Deputy Italian Prime Minister Matteo Salvini assured that his country would not back down from its budget plans, despite yields reaching highs, and reiterated that the country has no plans to leave the EU. Broad greenback weakness following ongoing trade wars tensions between US and China supported the rally higher. A lot of the focus remains on Italy at the moment, with the situation fueling the sell-off in European stocks, which have fallen to a 20 month low this morning.

The pound continued its positive run upwards yesterday, forcing its way above 1.32 for the first time since September 26th. Month-on-month GDP figures released yesterday morning remained flat and slightly below expectations. Despite this, Industrial and Manufacturing Production printed up 1.3% on the year. The pound traded briefly lower on the data, but ultimately it had little impact amid the increasing Brexit headlines.

Brexit again remained the key focus for traders. GBP/USD appreciated significantly after comments from the EU’s Chief Negotiator Barnier. Barnier indicated that a withdrawal deal was 80-85% done although they still need to agree on the Irish border issue. PM May’s chequers plan was also referenced, with the EU suggesting they found many points of convergence, which could see the UK remain temporarily in the EU’s customs regime. It has been reported that Raab may head to Brussels on Monday if a deal can be made to work. The GBP outperformed most of the major currencies on the back of Brexit optimism, rising roughly 0.5% on the day.

Brexit remains front and center. Carney is speaking this morning, and it will be difficult for him not to make mention of recent Brexit developments. US inflation numbers are then released this afternoon, so it may be another bumpy ride for GBP/USD today.

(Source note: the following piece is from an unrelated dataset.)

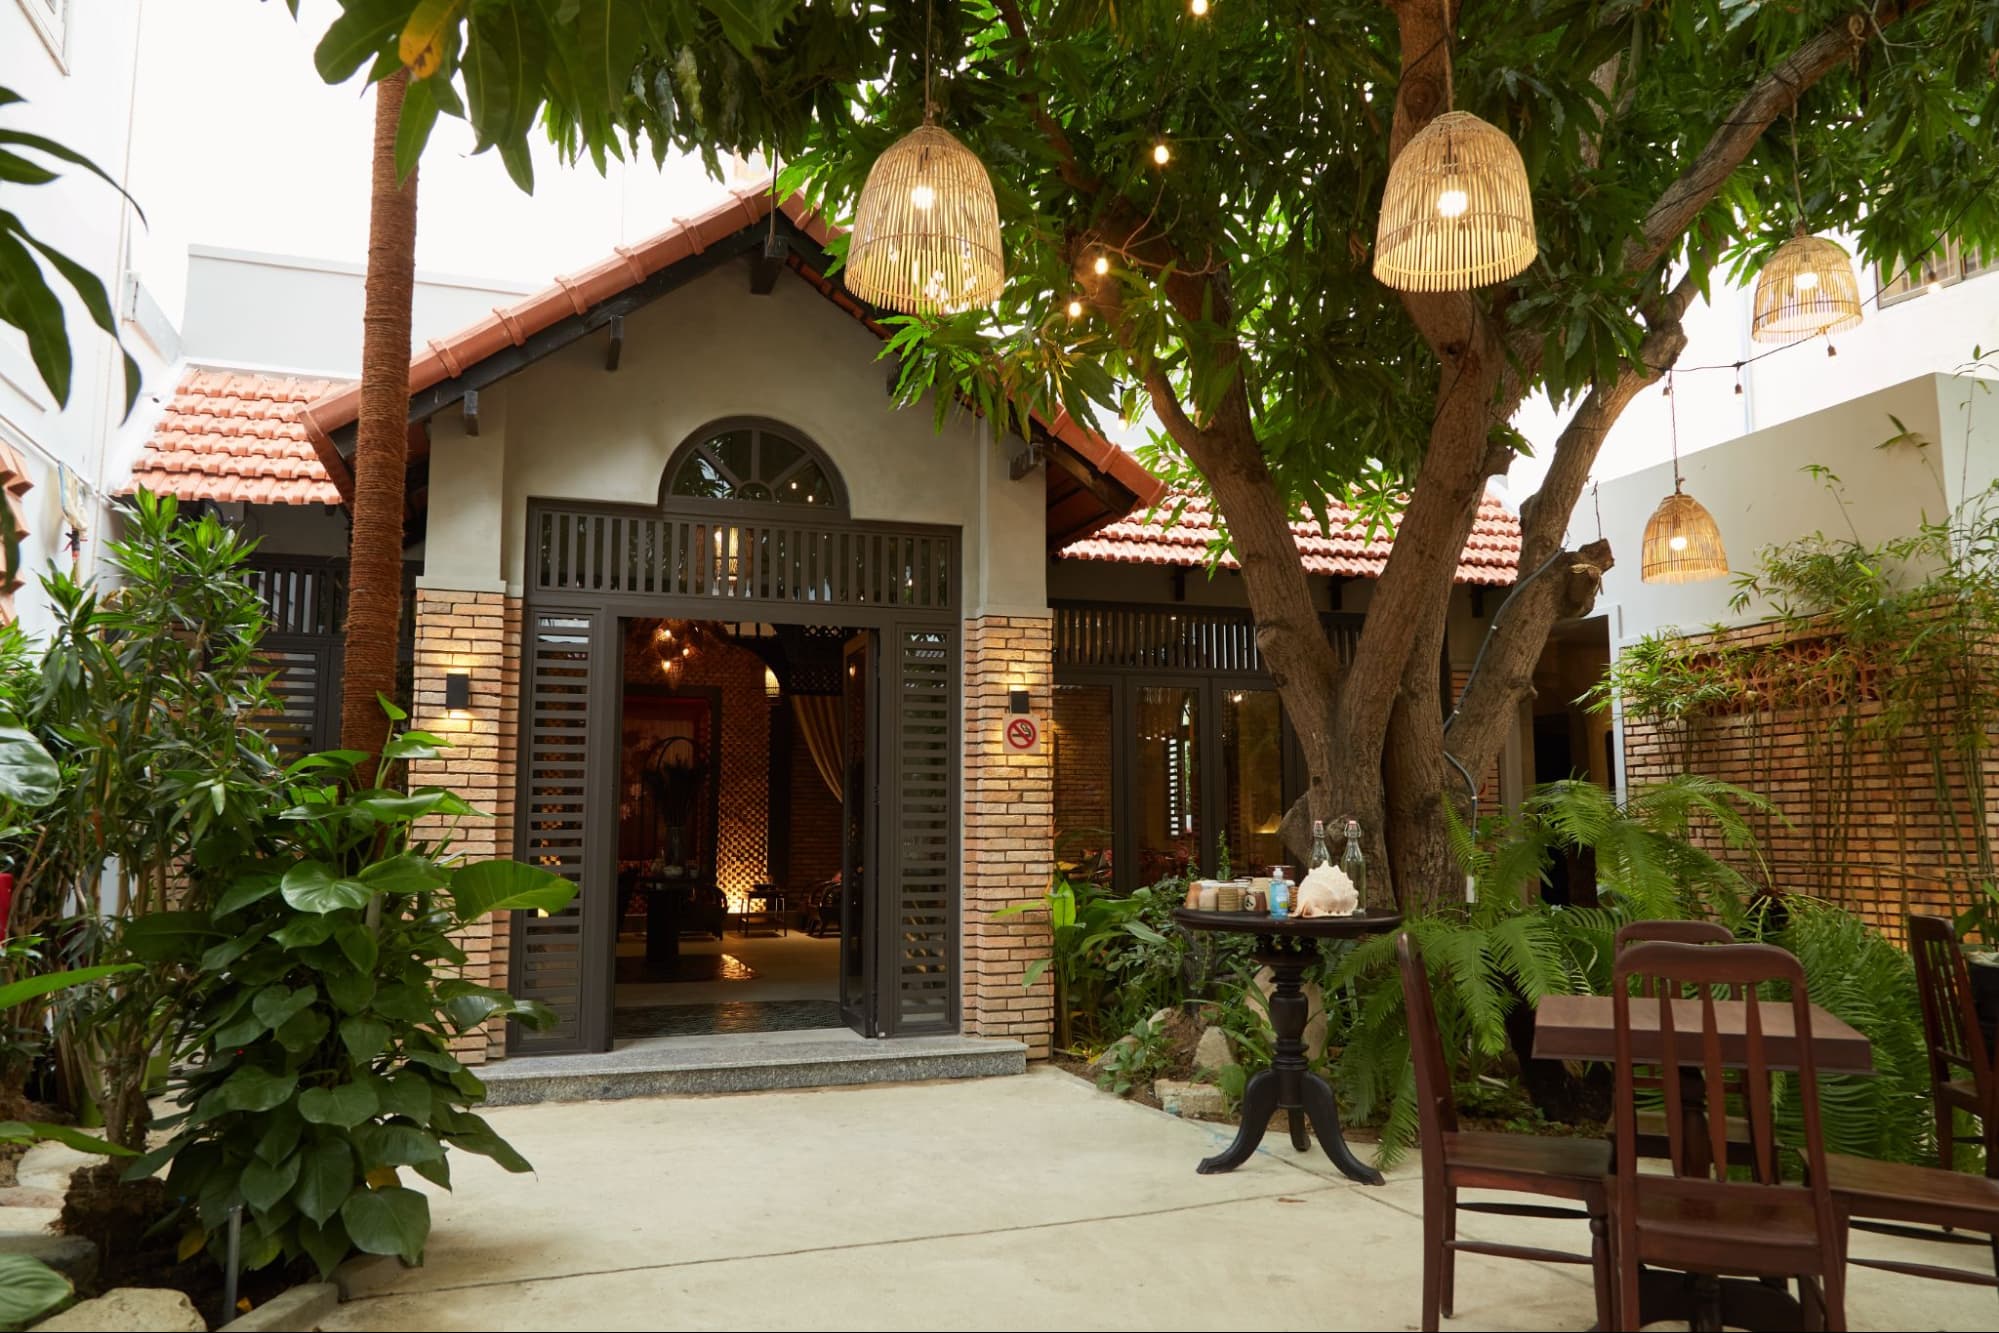 Tham khảo thiết kế nhà hàng sân vườn theo phong cách Việt Nam bình dị

The Australian’s dollars upward push stalled through trade on Wednesday as investors appeared reluctant to extend upside moves beyond 0.7120/30. Despite a broader backdrop of falling equities and a general risk-off mood the AUD traded mostly sideways, maintaining a tight 50-point handle between 0.7070 and 0.7130.

With little macroeconomic data on hand to drive direction, the impetus for investor moves has derived from broader risk appetite and volatility, hampering any short-term upside correction and ensuring the Aussie Dollar remains under a broader bearish cloud.

With little of note on today’s domestic docket attentions shift to key US inflation data. Fears the US economy may see a faster pace of price increases have weighted on investors, heightening concerns the Fed will be forced to accelerate the pace of interest rate hikes, dampening demand for equities and pushing treasuries toward recent highs. We continue to watch supports at 0.7040 and 0.70 with short-term resistance on moves approaching 0.7130.

The Kiwi traded sideways overnight as US and European equity markets suffered significant falls. There was no obvious catalyst for the depreciation in equity markets as currency markets remained well contained amid an absence of any news. NZD/USD opens this morning at 0.6470 and as we stated yesterday, looks to have consolidated around this level following its recent underperformance. The Kiwi fell 0.5% against the GBP, 0.4% against the EURO and rose 0.4% against the CAD as oil prices retreated.

Wrapping up yesterday’s risk events, electronic card transactions rose by a lot more than expected in September – although it's not a release that moves markets, it is further evidence of the domestic economy ticking along just fine. We also saw US PPI and UK GDP numbers released overnight which were in large part in line with expectations.

On the technical front, NZD/USD remains well supported at the 0.6350 level with any topside moves expected to meet resistance on moves approaching 0.6500.